Thanks for the replies, everyone. The 'brick wall' so to speak, that Intel hit, sums it up for me. I wasn't aware that they ran into that issue.
The point which others haven't explained (and I'll try to) is why today's processors are faster, at a lower clock speed (discounting the multi processor thing).
Intel had got itself into two problems with the Pentium 4. Firstly, they'd hit the wall in terms of clock speed (around 4GHz). Secondly, in order to reach this high speed, they'd had to increase CPU pipeline lengths.
A CPU can't simply process a whole complex instruction every clock cycle... these instructions must be broken down into smaller simpler steps (get instruction, decode, get first operand, get second operand etc.)
In order to speed things up, a pipelined processor operates on multiple instructions at once. So while the newest instruction is being fetched, the previous instruction is being decoded, the prior one is having it's first operand fetched etc. The last generation of the P4 had a pipeline that was 31 stages in length - that is, 31 instructions were 'in flight' at once.
The problem with a very long pipeline is what happens if the program takes a change of direction. If you're in a loop, or the program hits an 'if' comparison etc.
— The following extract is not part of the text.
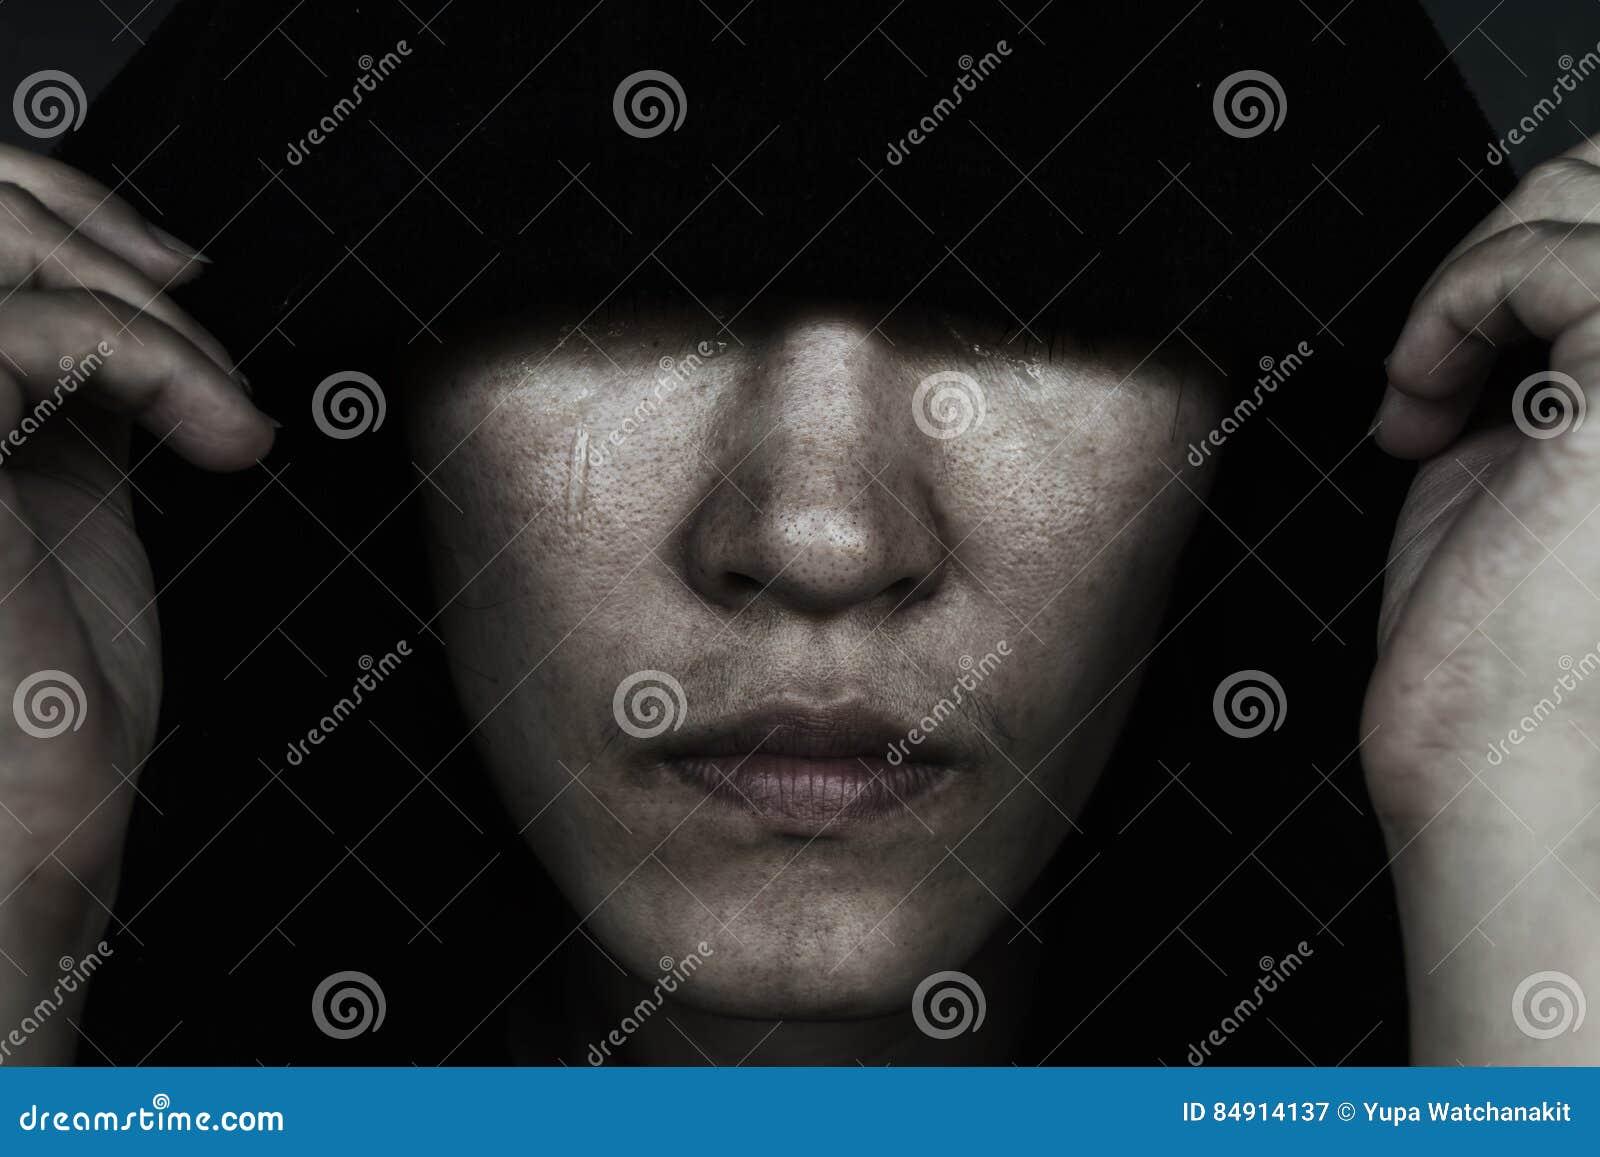 Femme En Larme enfoncez la femme dans le capot avec la larme image stock - image du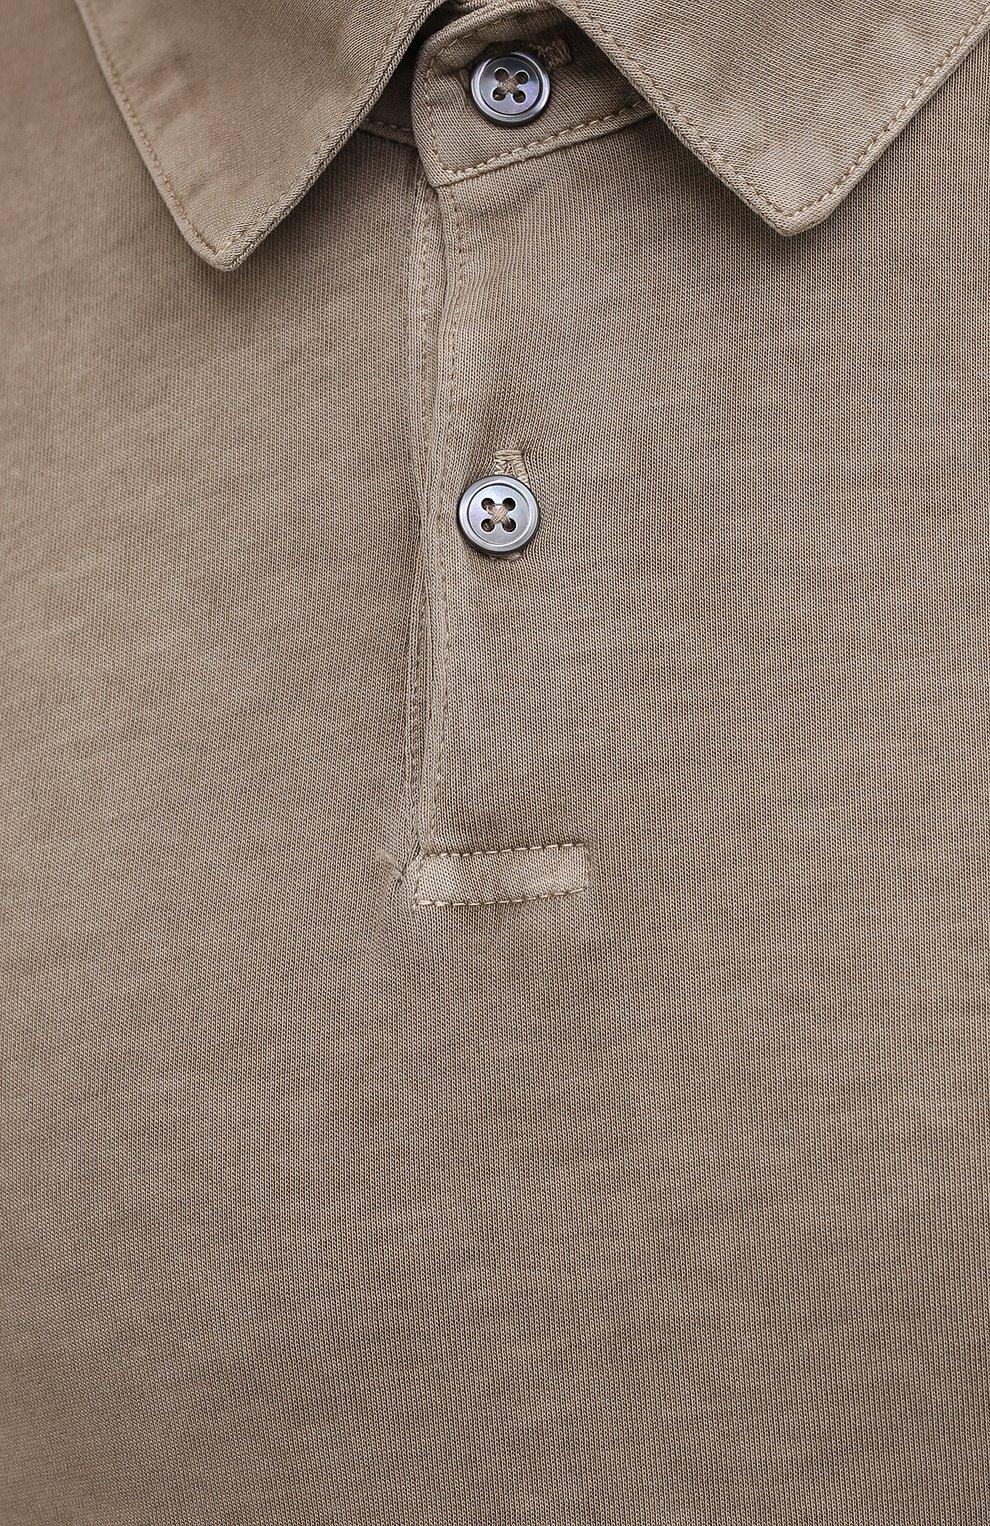 Мужское хлопковое поло JAMES PERSE бежевого цвета, арт. MSX3337 | Фото 5 (Застежка: Пуговицы; Рукава: Короткие; Длина (для топов): Удлиненные; Кросс-КТ: Трикотаж; Материал внешний: Хлопок; Стили: Кэжуэл)

In the worst case, you only discover that you've branched off when a comparison instruction is most of the way to being processed. At this point, all the instructions in the pipeline behind it have to be thrown away - because you're branching off elsewhere and those instructions never should have been executed. This is called a pipeline 'bubble', and it meant that as the
P4 range got higher clock speeds and longer pipelines, they became steadily less efficient. Sure, there are ways to lessen the impact of 'bubbles' - but the P4 approach had run out of steam.
Luckily for Intel, they had a team of engineers in Israel working on a new processor design. This took the old PIII design (which had a short pipeline) and added new improvements to it. In a brave move, Intel decided to completely abandon the P4 architecture and take a step back... and the
Core family was launched.
This new family scaled back the processor speed, halved the pipeline length, but managed to do more for each clock cycle. Instructions were bunched up, SSE instructions executed quicker, more instructions set off at once and yes, the new architecture also better allowed the integration of multiple cores on a single IC. Other important changes came with '64 bit' processors - which also introduces new registers (short term storage areas) and instructions, improving the ancient x86 architecture (which frankly sucked).
Do you think there will be a point in time when CPU manufacturers won't be able to 'outpower' the previous generation of machines due to power consumption issues?
I think we're still some way off that.
I think our current problem is more in software than in hardware. While the use of multi core CPUs has become more prevalent, I think app writers have failed to make their software take advantage of this.
I own a 4 year old 8 core Mac Pro. While many of the newer consumer Mac line is faster for single threaded tasks, this computer still holds its own with applications that can use all of those cores. I've actually seen a speed-up in apps over time on my machine, as more use is made of multi core (for instance Adobe lightroom parallelises more things in the last two releases). Most of the time though, even when running flat out - I'm only seeing perhaps 1/4 of the total available CPU power being used. Only very specialist apps (like video encoding) make use of that power.
So there's a lot of unused power out there, and if CPU makers continue to add cores rather than GHz as a means of increasing speed - then OS and app writers will need to work a lot harder to make use of that. If they don't - then we're going nowhere.